===== Recorded information =====
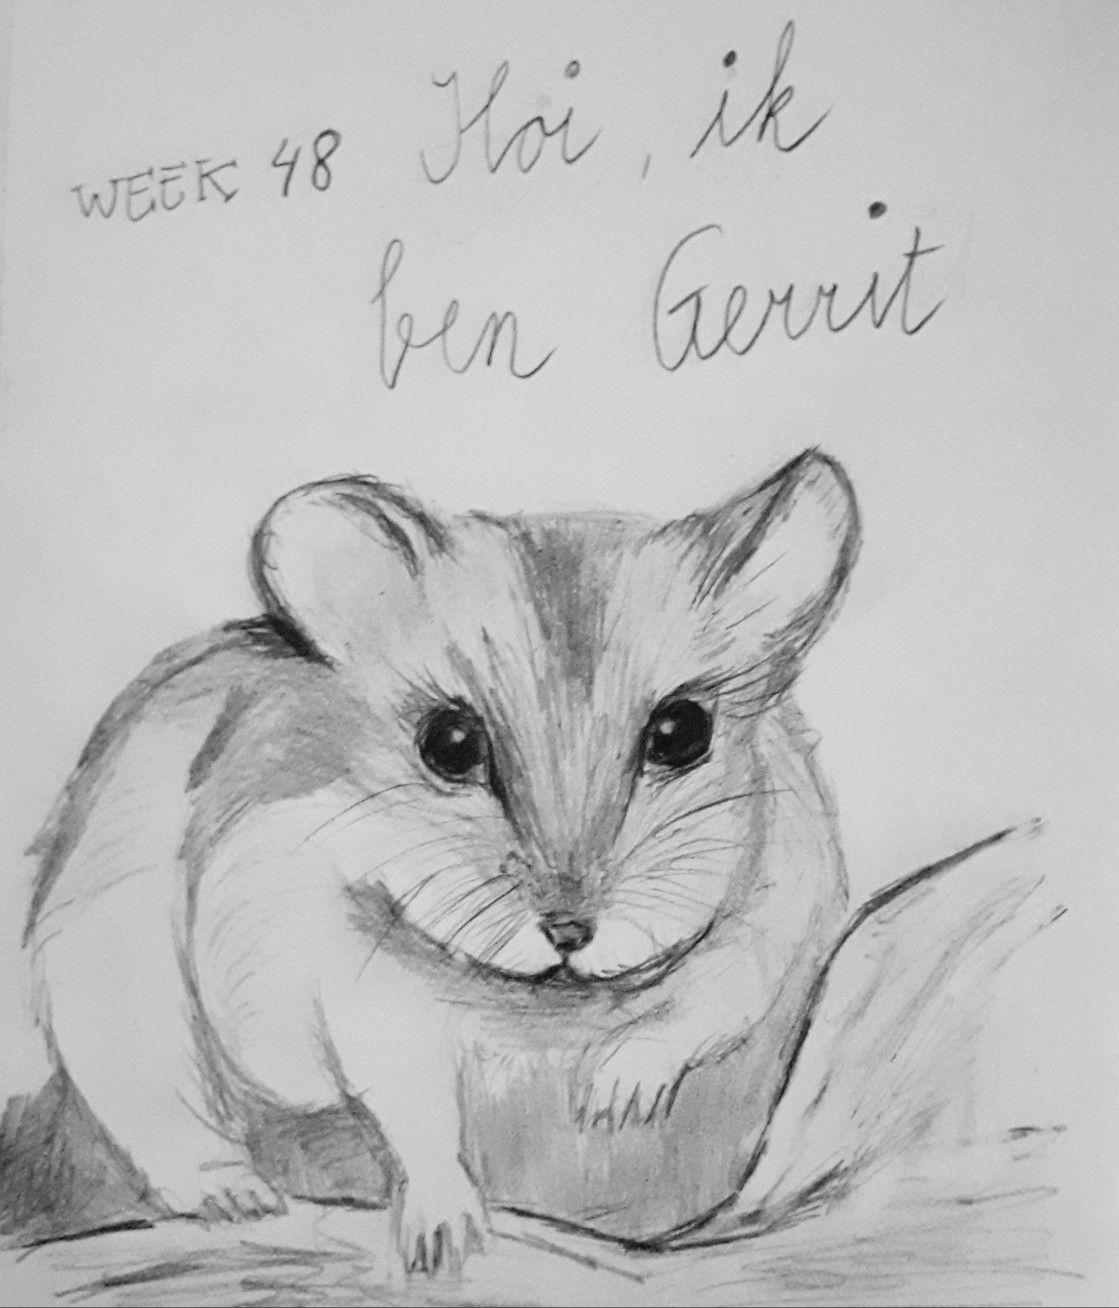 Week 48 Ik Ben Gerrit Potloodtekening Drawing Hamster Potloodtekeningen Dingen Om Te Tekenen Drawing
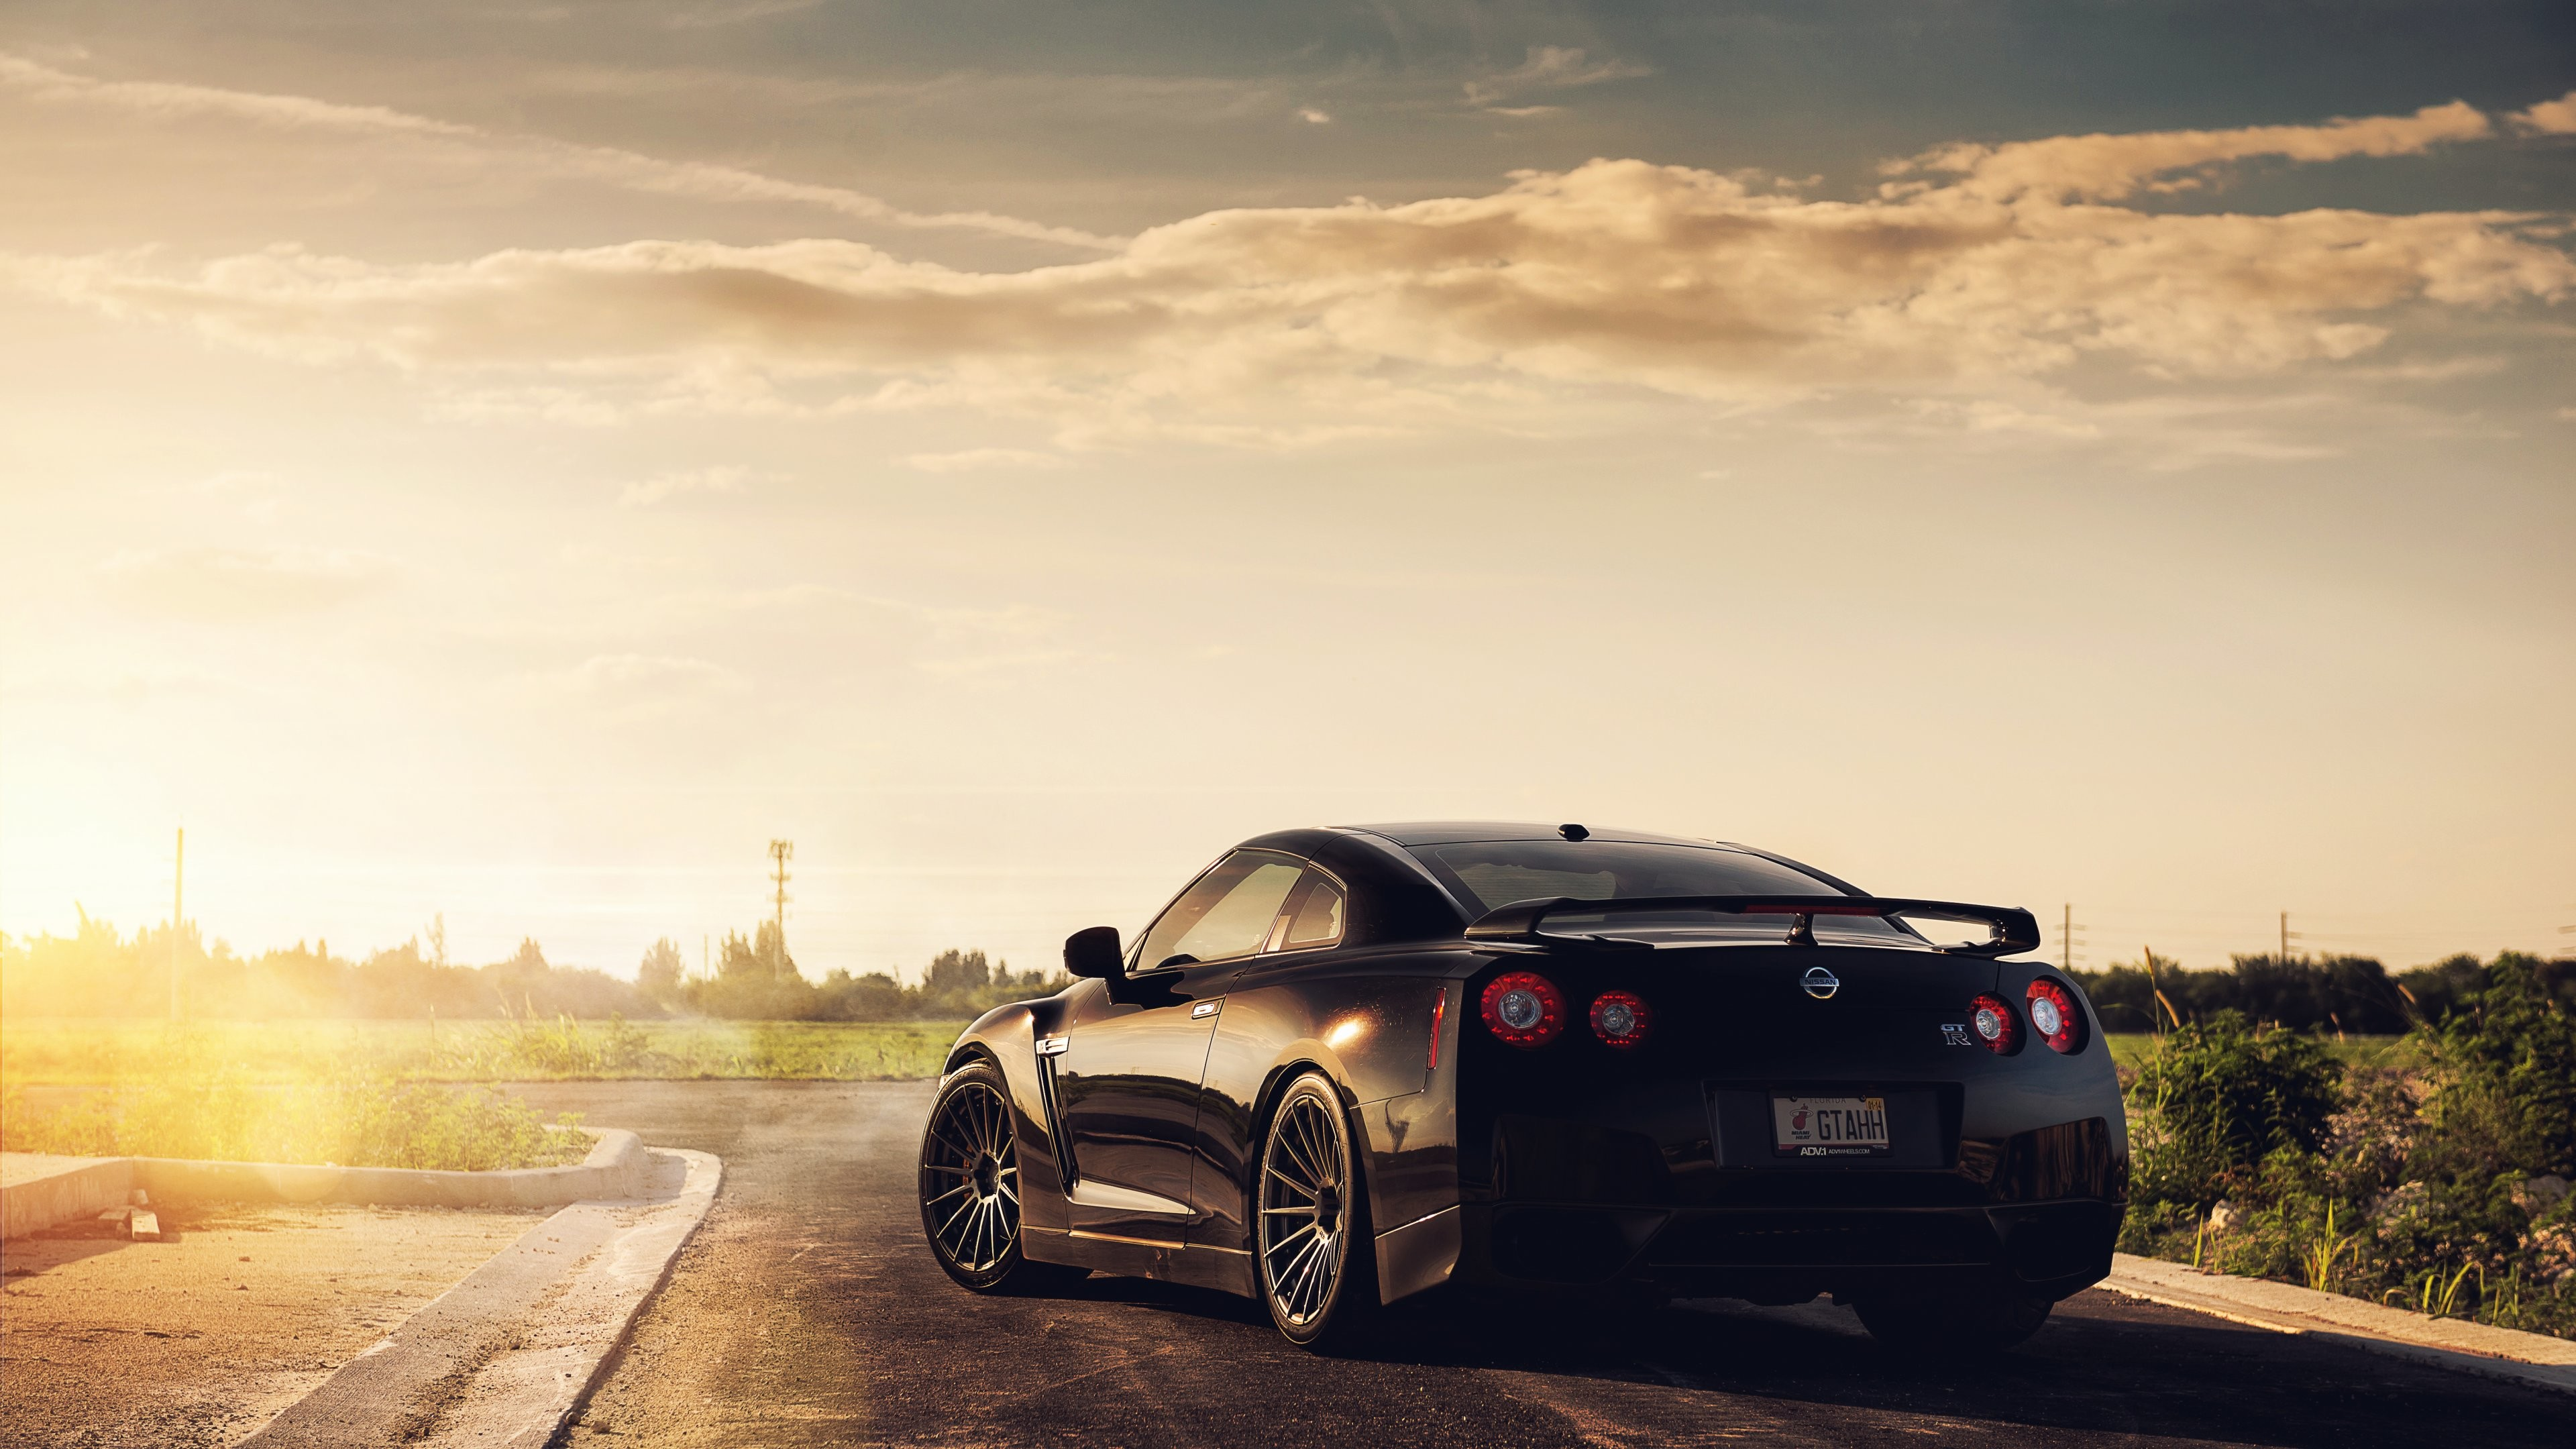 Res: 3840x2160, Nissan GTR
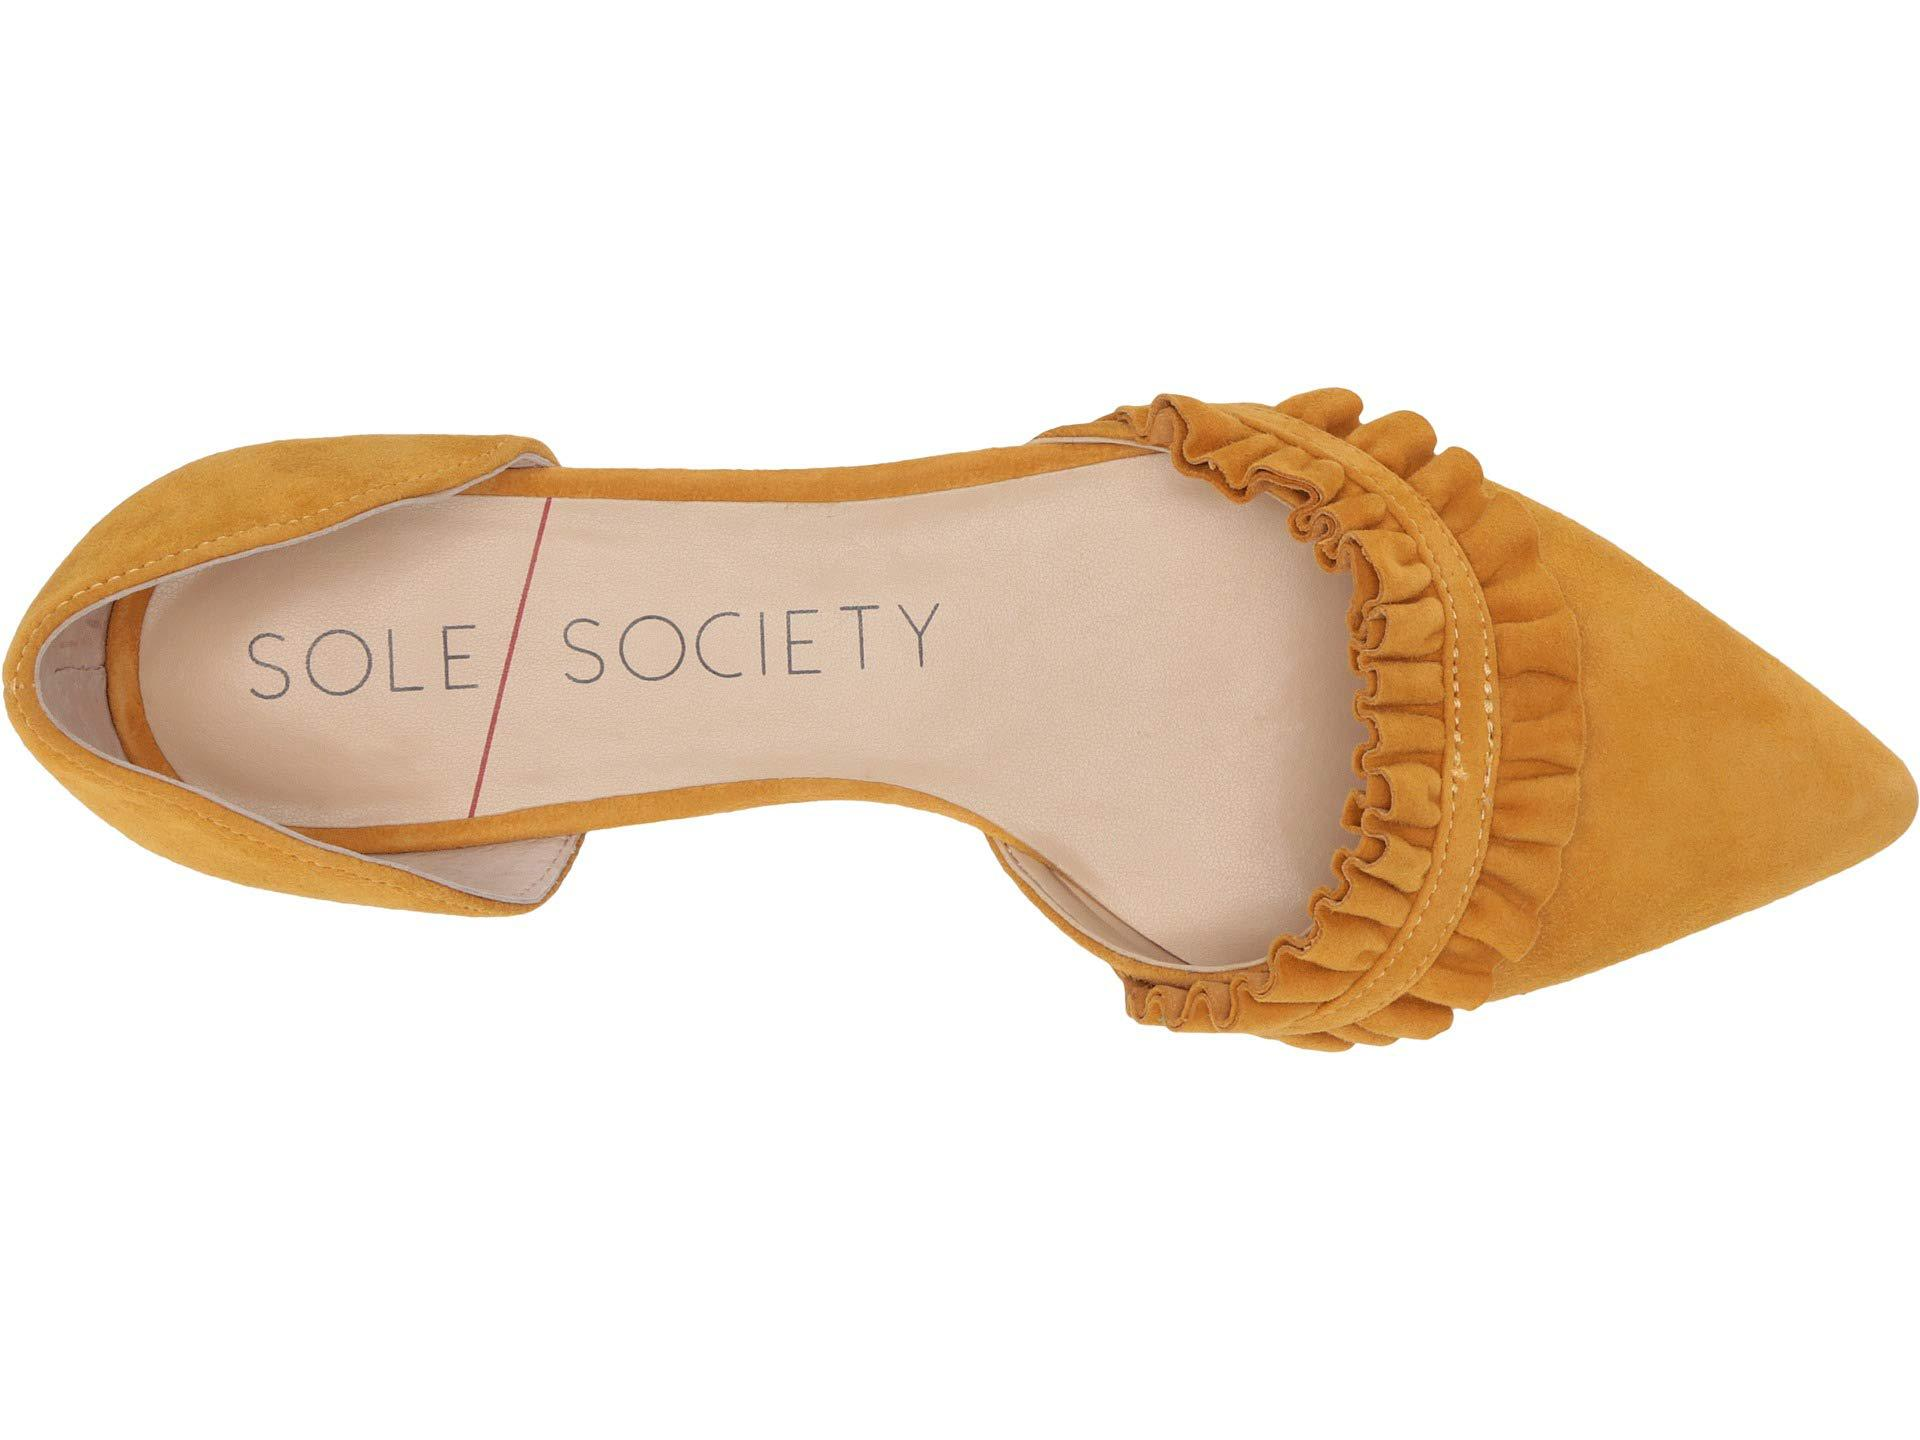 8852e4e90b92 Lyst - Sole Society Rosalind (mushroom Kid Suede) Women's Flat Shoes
=====
Exercise objective: Output every line above exactly as it stands, and drop any picture.

Answer box:
 Week 48 Ik Ben Gerrit Potloodtekening Drawing Hamster Potloodtekeningen Dingen Om Te Tekenen Drawing
 Res: 3840x2160, Nissan GTR
 8852e4e90b92 Lyst - Sole Society Rosalind (mushroom Kid Suede) Women's Flat Shoes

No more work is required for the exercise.